Chaos Faults for Linux
Introduction
Linux faults disrupt resources on a target Linux machine through the Linux Chaos Infrastructure (LCI) systemd service installed on the VM. Use them to test how a workload behaves under CPU/memory/disk pressure, network degradation, DNS outages, JVM-level faults, and API-level faults injected by a local proxy.

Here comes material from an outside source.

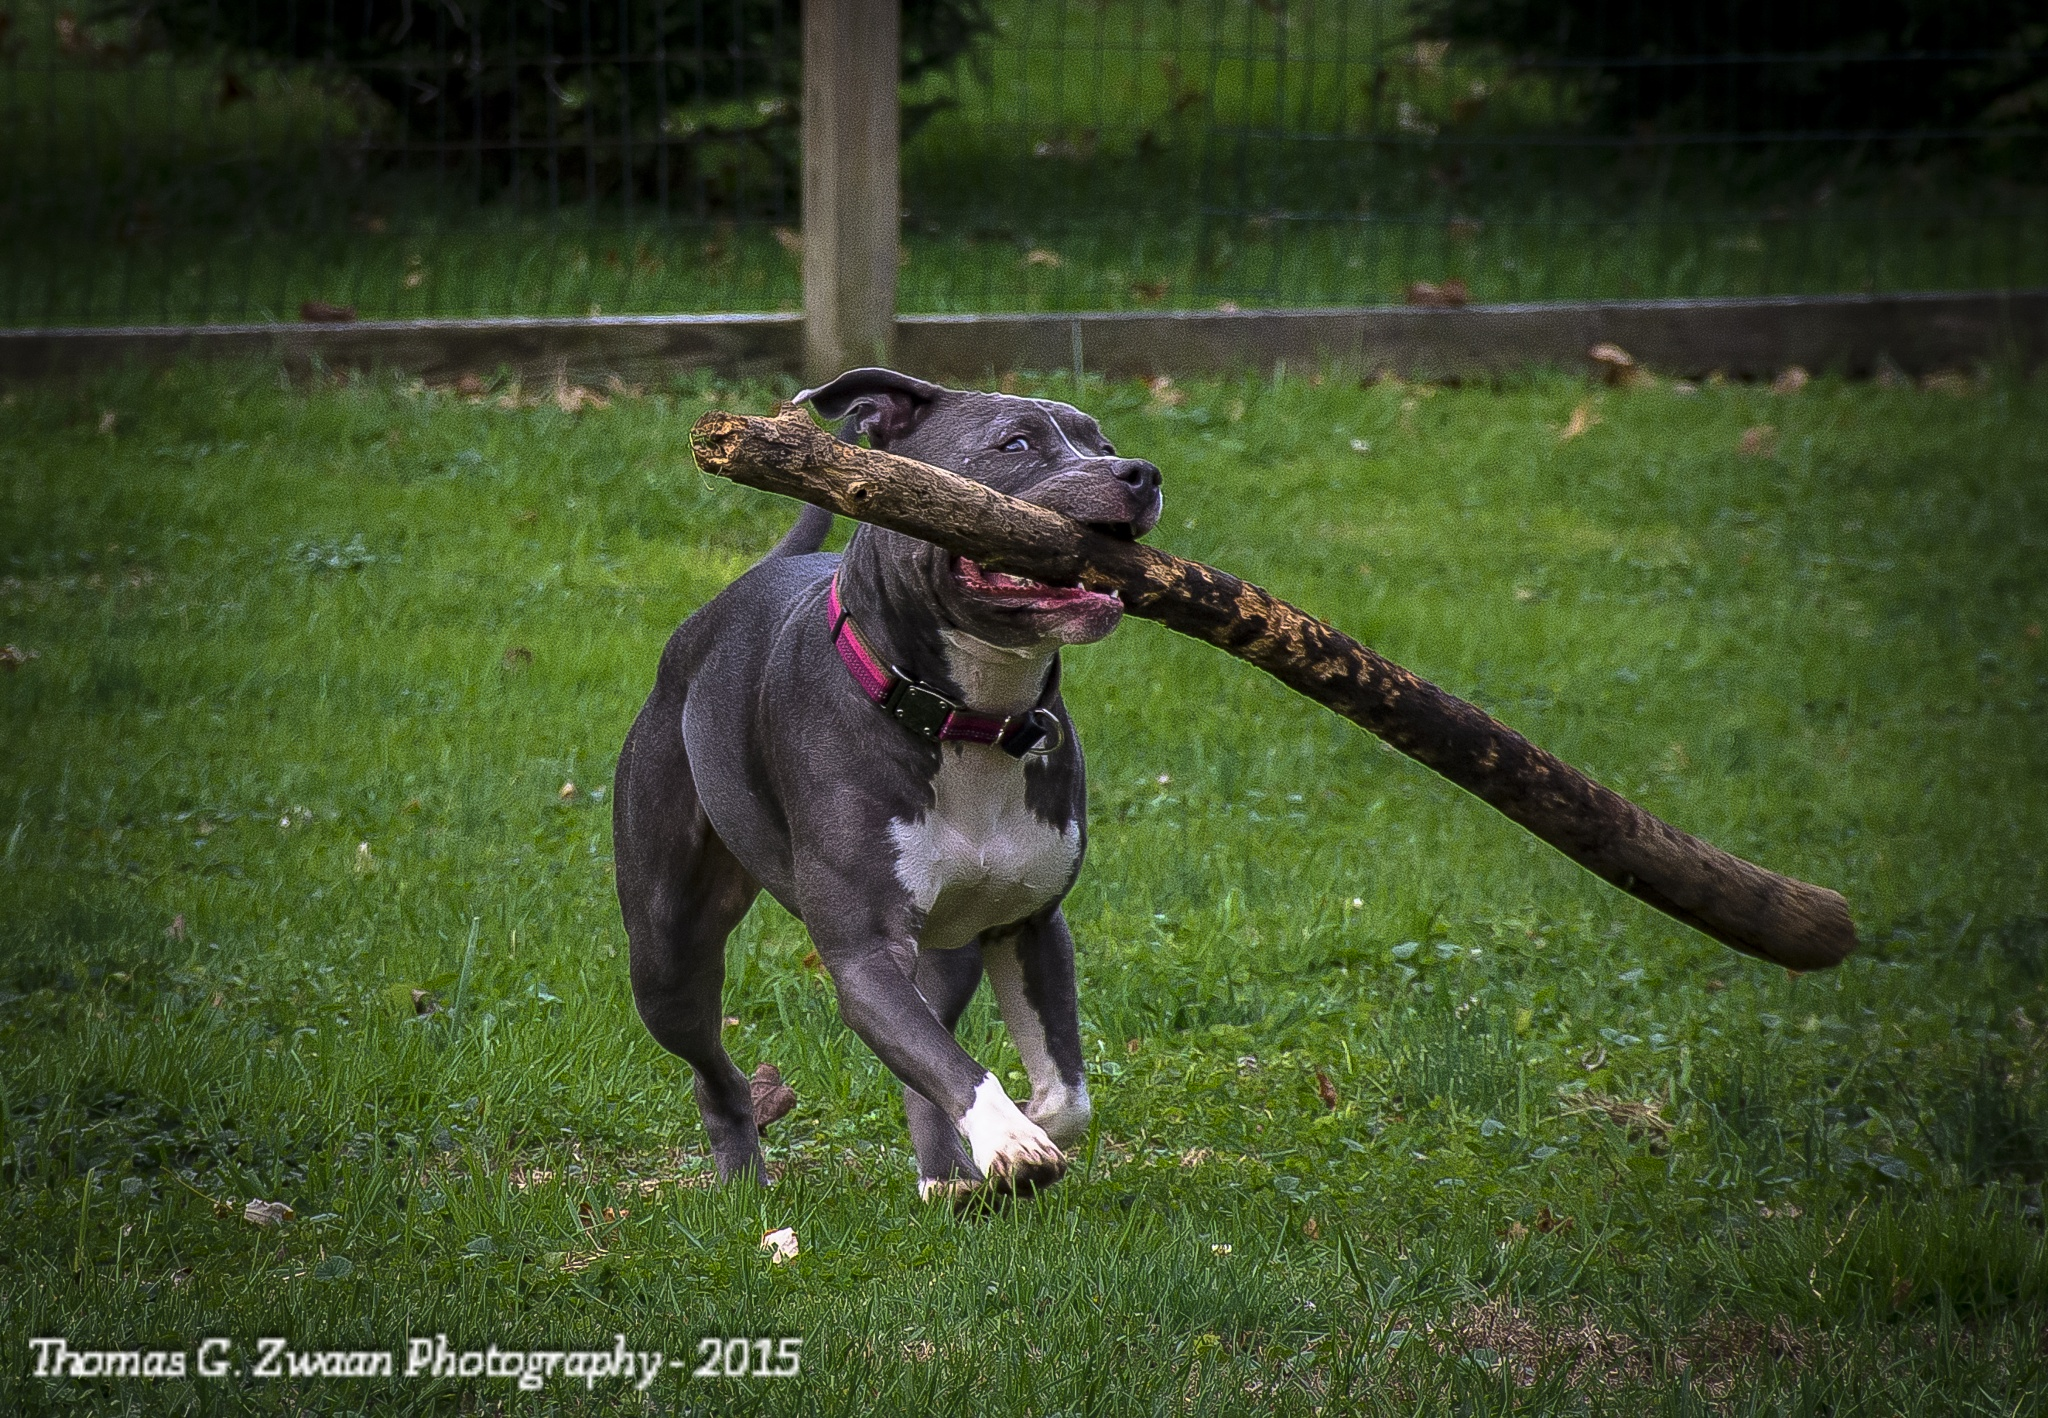 Playing Stick by thomasgzwaanPhotography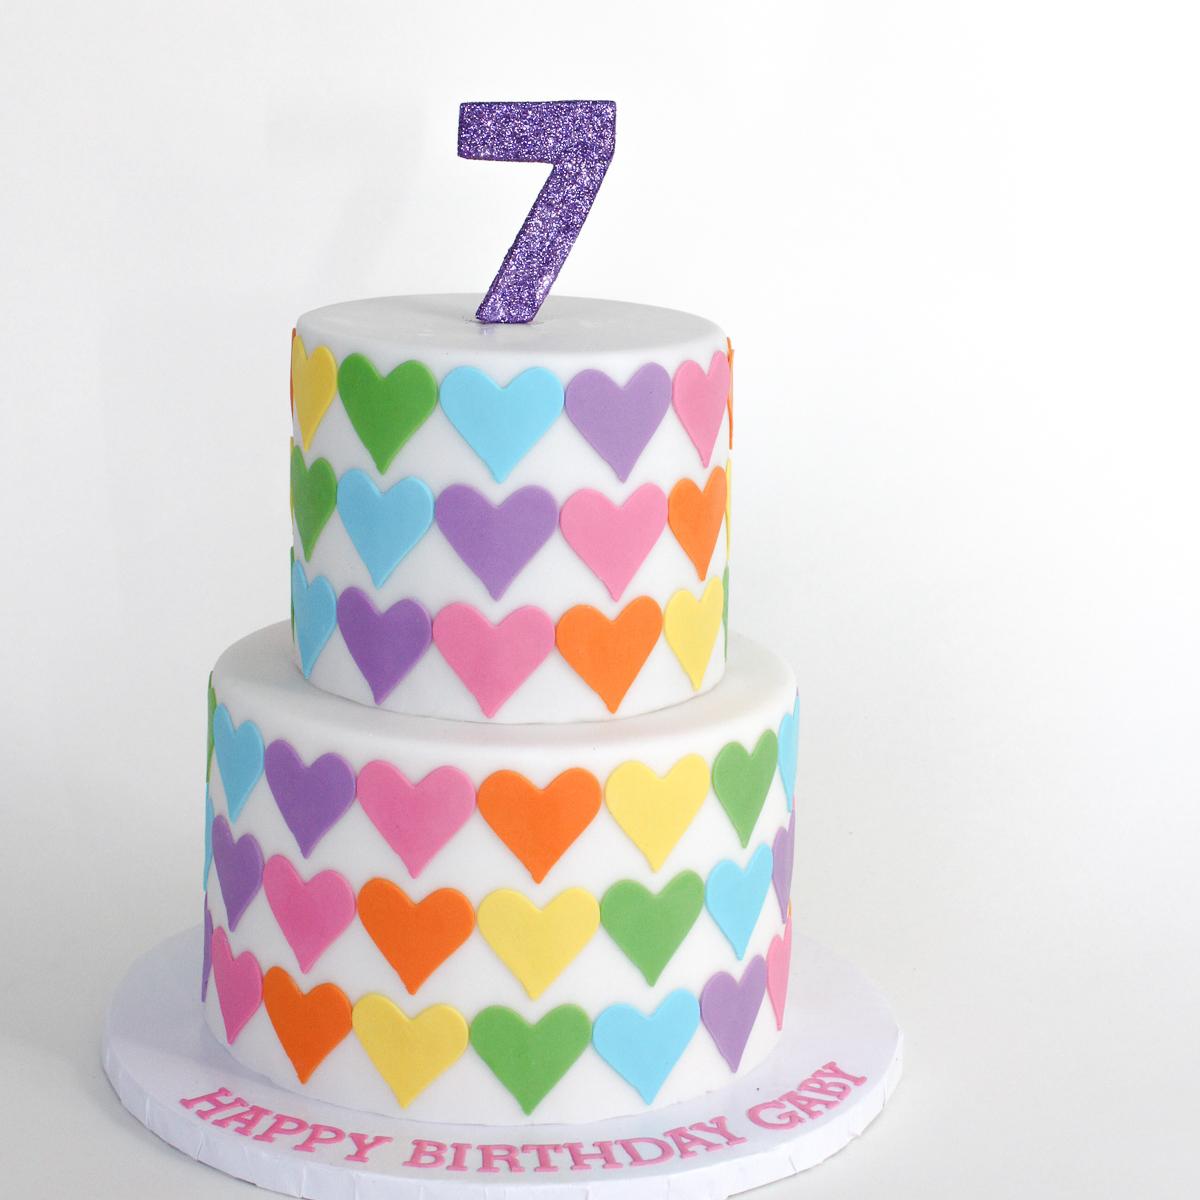 Rainbow Heart Cake_006-3.jpg

Go to Linux Chaos Infrastructure to install the agent and connect a VM to the control plane, then go to Linux fault requirements for the supported OS distributions and the basic/advanced permission tiers.
Linux CPU stress
Linux CPU stress runs WORKERS busy workers at LOAD percent utilization each on the target Linux machine for DURATION. Use it to test how a workload behaves when compute headroom shrinks.
Linux memory stress
Linux memory stress allocates MEMORY of memory across WORKERS workers on the target Linux machine for DURATION. Use it to test how a workload behaves under memory pressure and OOM conditions.
Linux disk fill
Linux disk fill writes a file under FILL_PATH until it occupies FILL_STORAGE for DURATION, then removes the file. Use it to test how a workload behaves when its writable storage fills up.
Linux disk IO stress
Linux disk I/O stress runs WORKERS I/O workers that consume FILE_SYSTEM_UTILISATION of the filesystem at VOLUME_MOUNT_PATH for DURATION. Use it to test how a workload behaves when disk bandwidth is saturated.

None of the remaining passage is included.